1. ## Inflection And Concavity.

The directions say to find the points of inflection and discuss the concavity of the graph of the function.
The function is
$\displaystyle f(x)= sinx+cosx$ the intervals [0,2$\displaystyle pi$]
I know you supposed to take the derivative, then the 2nd then set the equation to zero
so i have up to
$\displaystyle 0= cosx-sinx$
Is this right?
if so what do i do next?

2. Originally Posted by Red350z
The directions say to find the points of inflection and discuss the concavity of the graph of the function.
The function is
$\displaystyle f(x)= sinx+cosx$ the intervals [0,2$\displaystyle pi$]
I know you supposed to take the derivative, then the 2nd then set the equation to zero
so i have up to
$\displaystyle 0= cosx-sinx$
Is this right?
if so what do i do next?
That's only the first derivative!!

The second derivative would be $\displaystyle f^{\prime\prime}\!\left(x\right)=-\sin x-\cos x$

To find inflection points, solve for x:

$\displaystyle -\sin x-\cos x=0\implies \sin x=-\cos x$

This is the case where $\displaystyle x=\frac{3\pi}{4},\,\frac{7\pi}{4}$.

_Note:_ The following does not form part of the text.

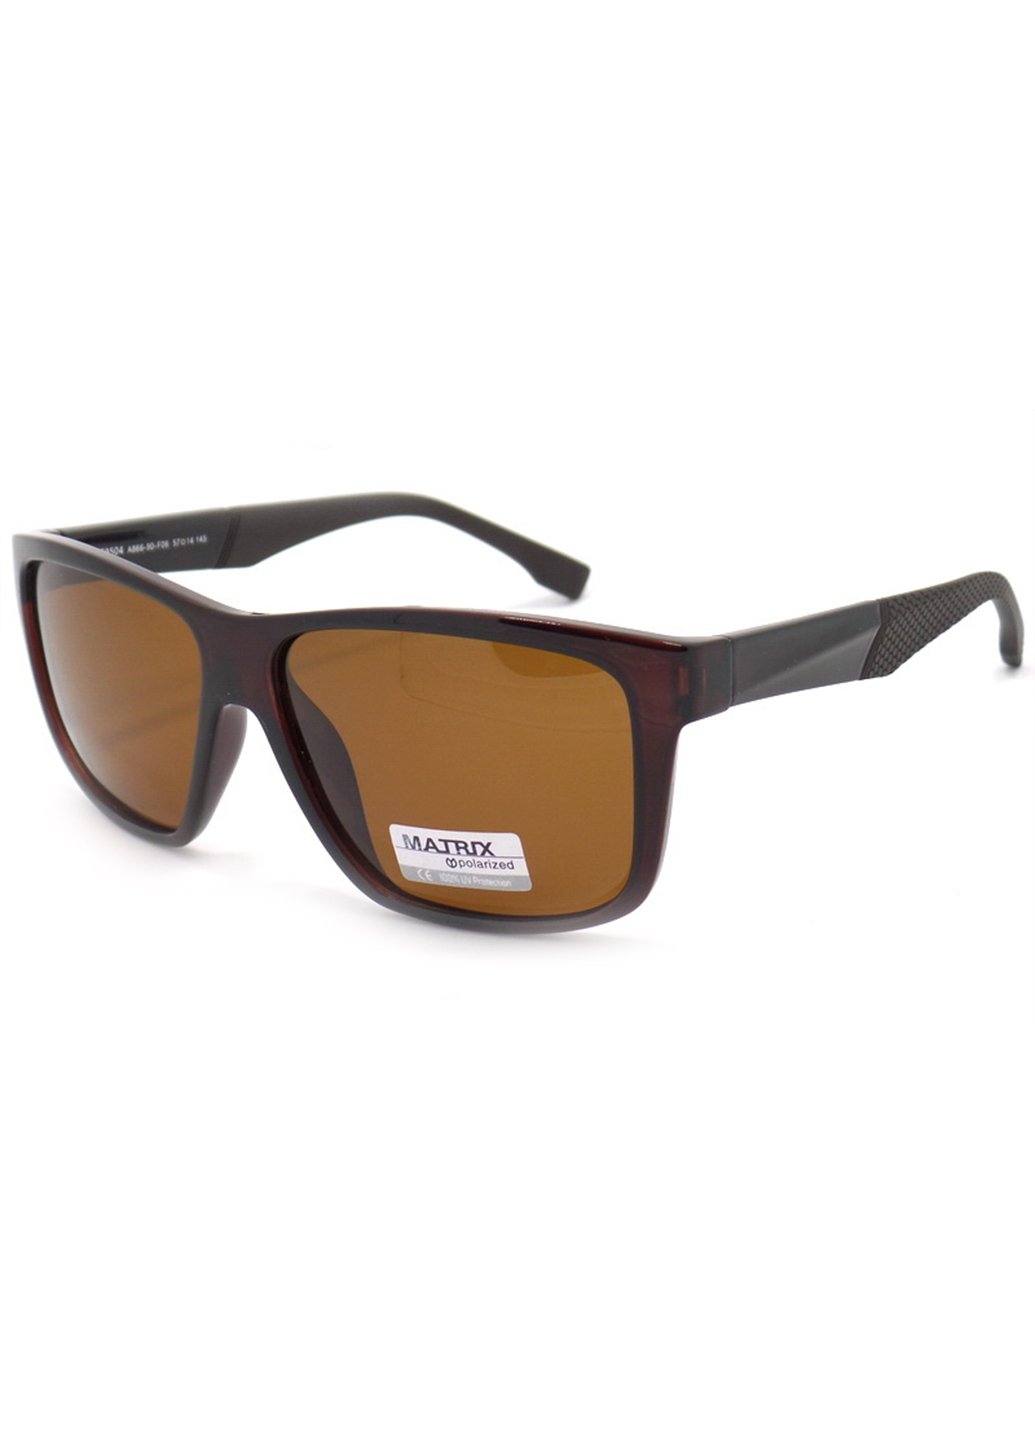 Купить Коричневые мужские солнцезащитные очки Matrix с поляризацией MT8504 111015 в интернет-магазине
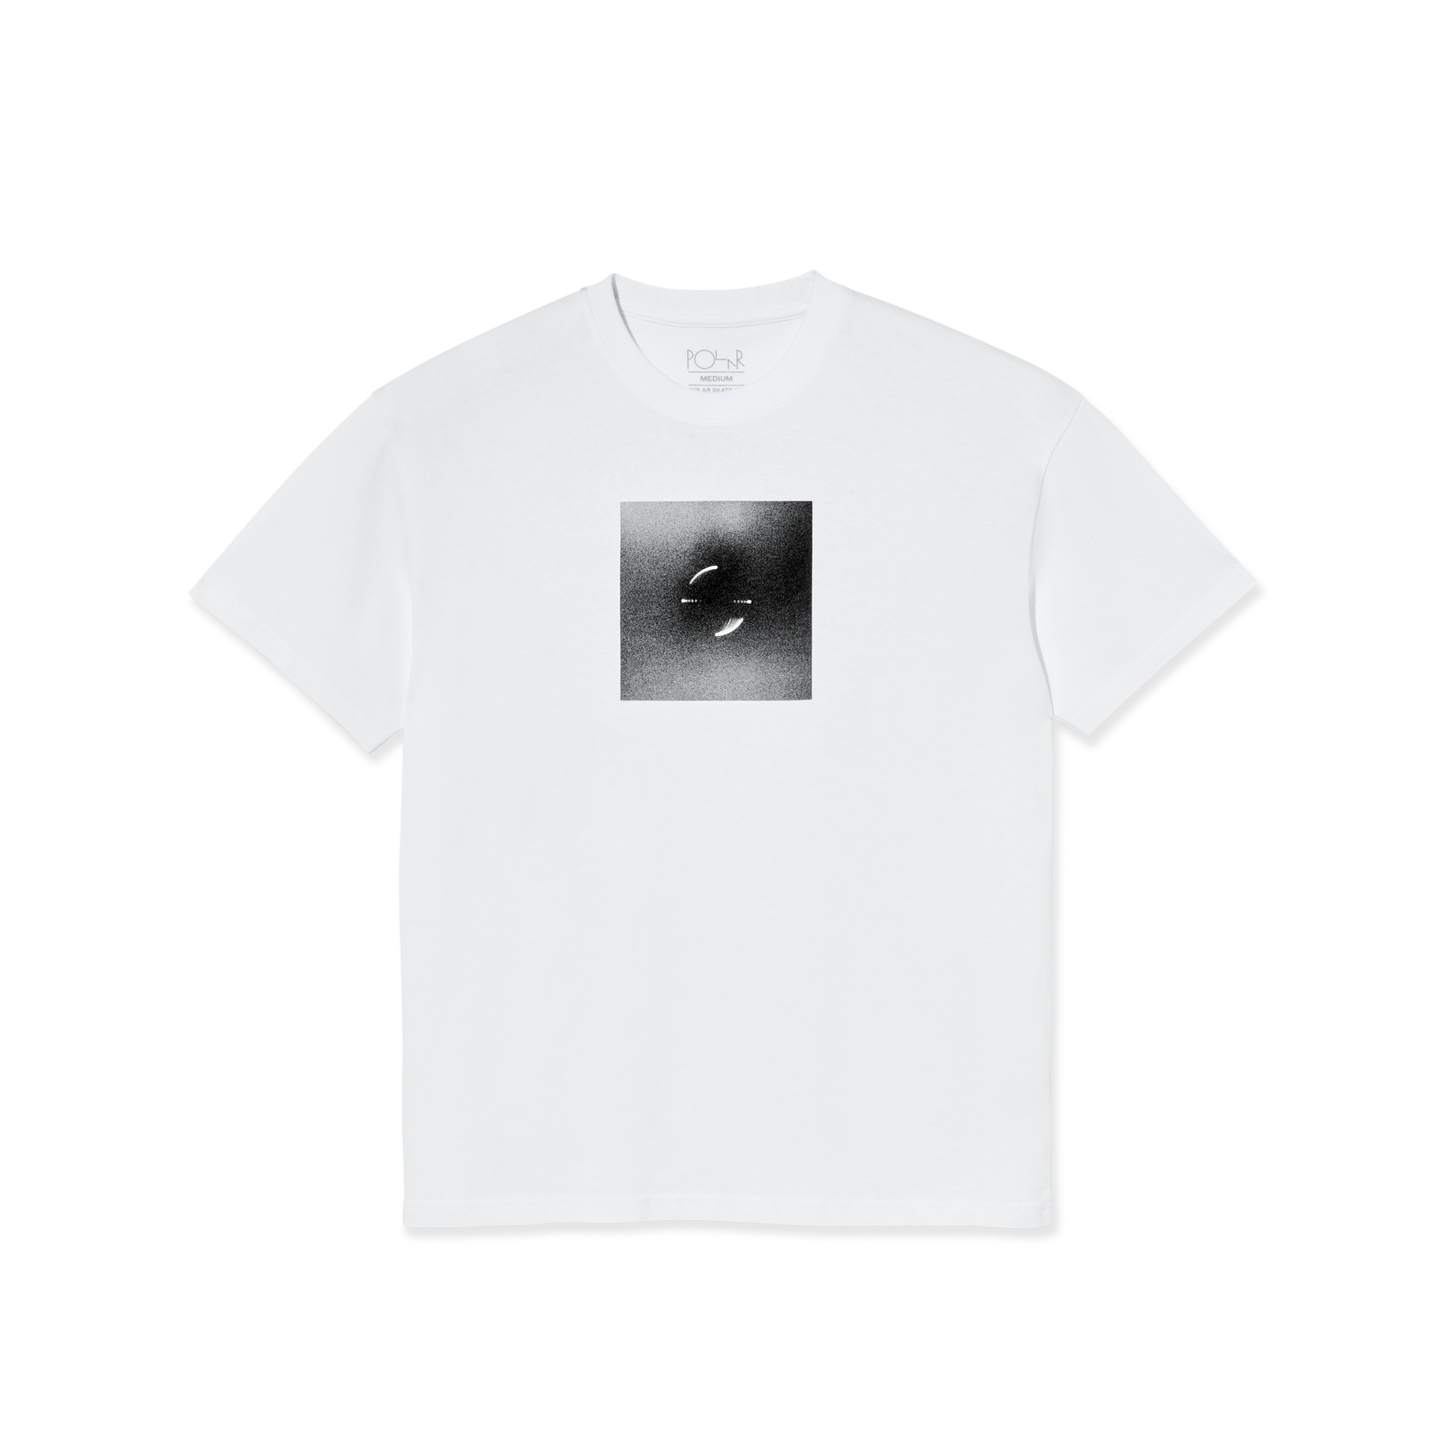 Polar Magnetic Field T-Shirt White

Can you determine where the function is concave up or down now?

3. To get inflection points you have to solve f ''(x) = 0

You are solving f '(x) = 0 so you need to find f '' (x).
$\displaystyle -sinx - cos x = 0$

$\displaystyle -sinx = cosx$

This is only true when x = $\displaystyle \frac{3\pi}{4}$
x = $\displaystyle \frac{7\pi}{4}$

To the left of x = $\displaystyle \frac{3\pi}{4}$ f '' (x) < 0

To the right of x = $\displaystyle \frac{3\pi}{4}$ f '' (x) > 0

Therefore we have an ip( inflection point ) at x = $\displaystyle \frac{3\pi}{4}$

When $\displaystyle f''(x) <0$ Then f is concaving down
When $\displaystyle f''(x) >0$ then f is concaving up.

Do this for x = $\displaystyle \frac{7\pi}{4}$

4. Originally Posted by Chris L T521
That's only the first derivative!!

The second derivative would be $\displaystyle f^{\prime\prime}\!\left(x\right)=-\sin x-\cos x$

To find inflection points, solve for x:

$\displaystyle -\sin x-\cos x=0\implies \sin x=-\cos x$

This is the case where $\displaystyle x=\frac{3\pi}{4},\,\frac{7\pi}{4}$.

Can you determine where the function is concave up or down now?
I always get this wrong but hen f''(x) <0 Then f is concaving down, and when f''(x) >0 then f is concaving up.

5. Exactly.